Mehrotra's cautionary note comes from research that he and Nundy published last year in JAMA Internal Medicine. That study used the Human Dx service as a neutral platform to compare the diagnostic accuracy of human physicians with third-party “symptom checker” Web sites and apps used by patients for self-diagnosis. In this case, the humans handily outperformed the symptom checkers’ computer algorithms. But even physicians provided incorrect diagnoses about 15 percent of the time, which is comparable with past estimates of physician diagnostic error.
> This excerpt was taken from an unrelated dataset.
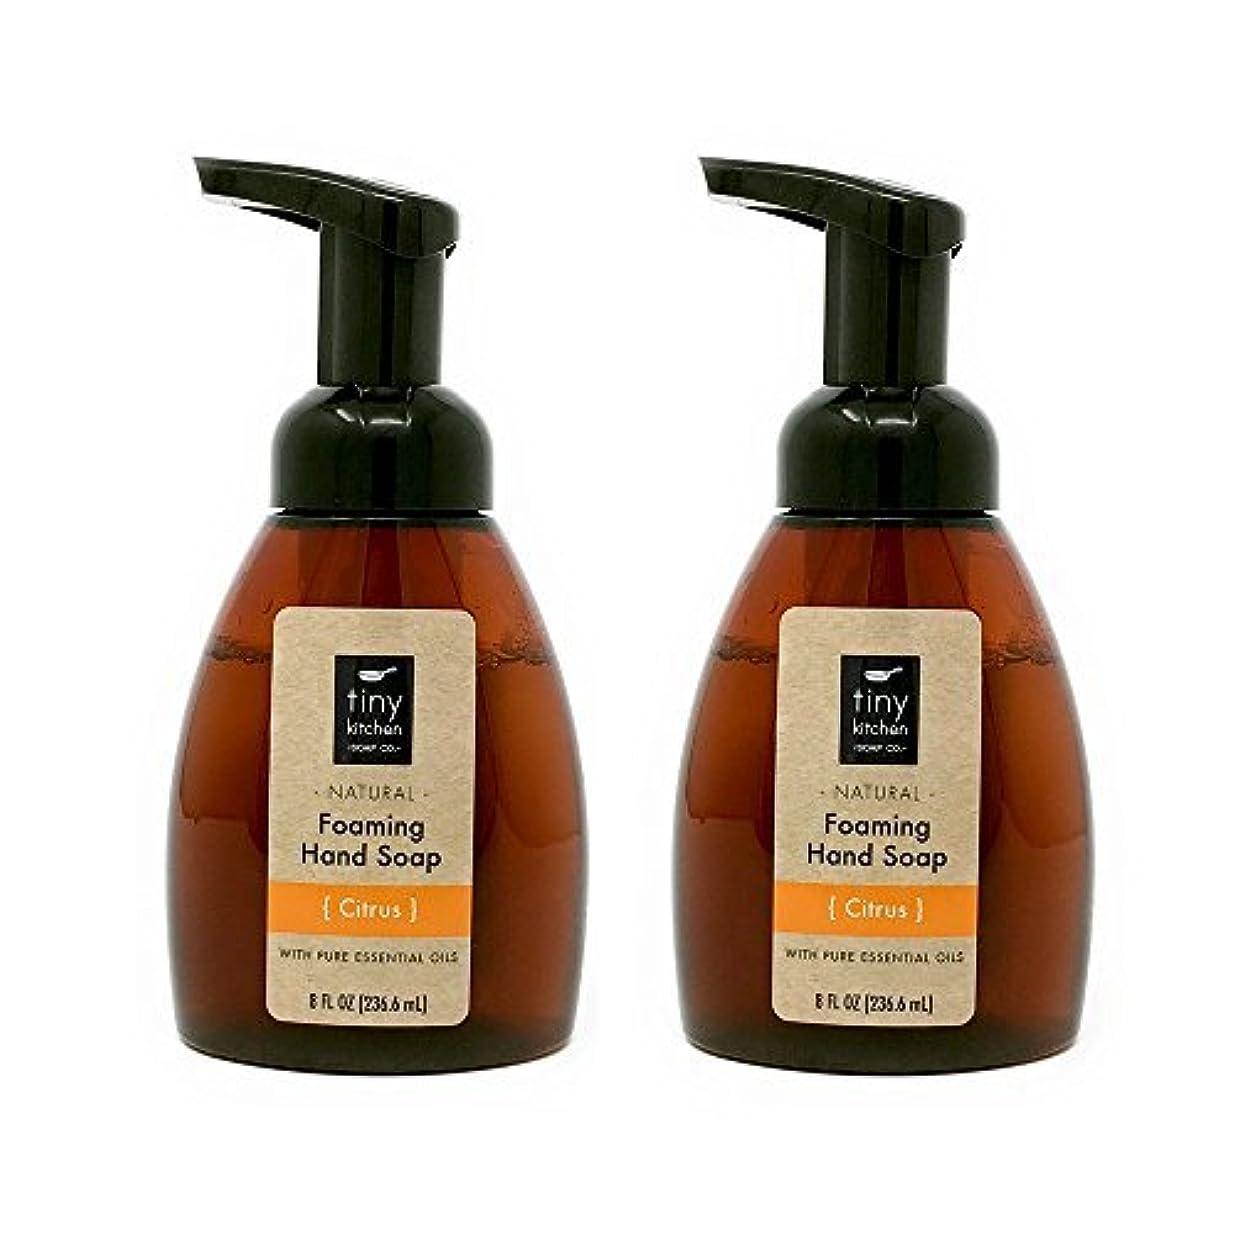 不良品溶接対話Citrus Foaming Hand Soap (2 Pack) Handmade with Organic Essential and Base Oils [並行輸入品]

Human Dx could eventually help improve the medical education and training of human physicians, says Sanjay Desai, a physician and director of the Osler Medical Training Program at Johns Hopkins University. As a first step in checking the service's capabilities, he and his colleagues ran a study where the preliminary results showed the app could tell the difference between the diagnostic abilities of medical residents and fully trained physicians. Desai wants to see the service become a system that could track the clinical performance of individual physicians and provide targeted recommendations for improving specific skills. Such objective assessments could be an improvement over the current method of human physicians qualitatively judging their less experienced colleagues. The open question, Desai says, is whether the “algorithms can be created to provide finer insights into an [individual] doctor’s strengths and weaknesses in clinical reasoning.”

AI-Assisted Health Care

Human Dx is one of many AI systems being tested in health care. The IBM Watson Health unit is perhaps the most prominent, with the company for the past several years claiming that its AI is assisting major medical centers and hospitals in tasks such as genetically sequencing brain tumors and matching cancer patients to clinical trials. Studies have shown AI can help predict which patients will suffer from heart attacks or strokes in 10 years or even forecast which will die within five. Tech giants such as Google have joined start-ups in developing AI that can diagnose cancer from medical images. Still, AI in medicine is in its early days and its true value remains to be seen. Watson appears to have been a success at Memorial Sloan Kettering Cancer Center, yet it floundered at The University of Texas M. D. Anderson Cancer Center, although it is unclear whether the problems resulted from the technology or its implementation and management.

The Human Dx Project also faces questions in achieving widespread adoption, according to Mehrotra and Desai. One prominent challenge involves getting enough physicians to volunteer their time and free labor to meet the potential rise in demand for remote consultations. Another possible issue is how Human Dx's AI quality control will address users who consistently deliver wildly incorrect diagnoses. The service will also require a sizable user base of medical specialists to help solve those trickier cases where general physicians may be at a loss.

In any case, the Human Dx leaders and the physicians helping to validate the platform's usefulness seem to agree that AI alone will not take over medical care in the near future. Instead, Human Dx seeks to harness both machine learning and the crowdsourced wisdom of human physicians to make the most of limited medical resources, even as the demands for medical care continue to rise. “The complexity of practicing medicine in real life will require both humans and machines to solve problems,” Komarneni says, “as opposed to pure machine learning.”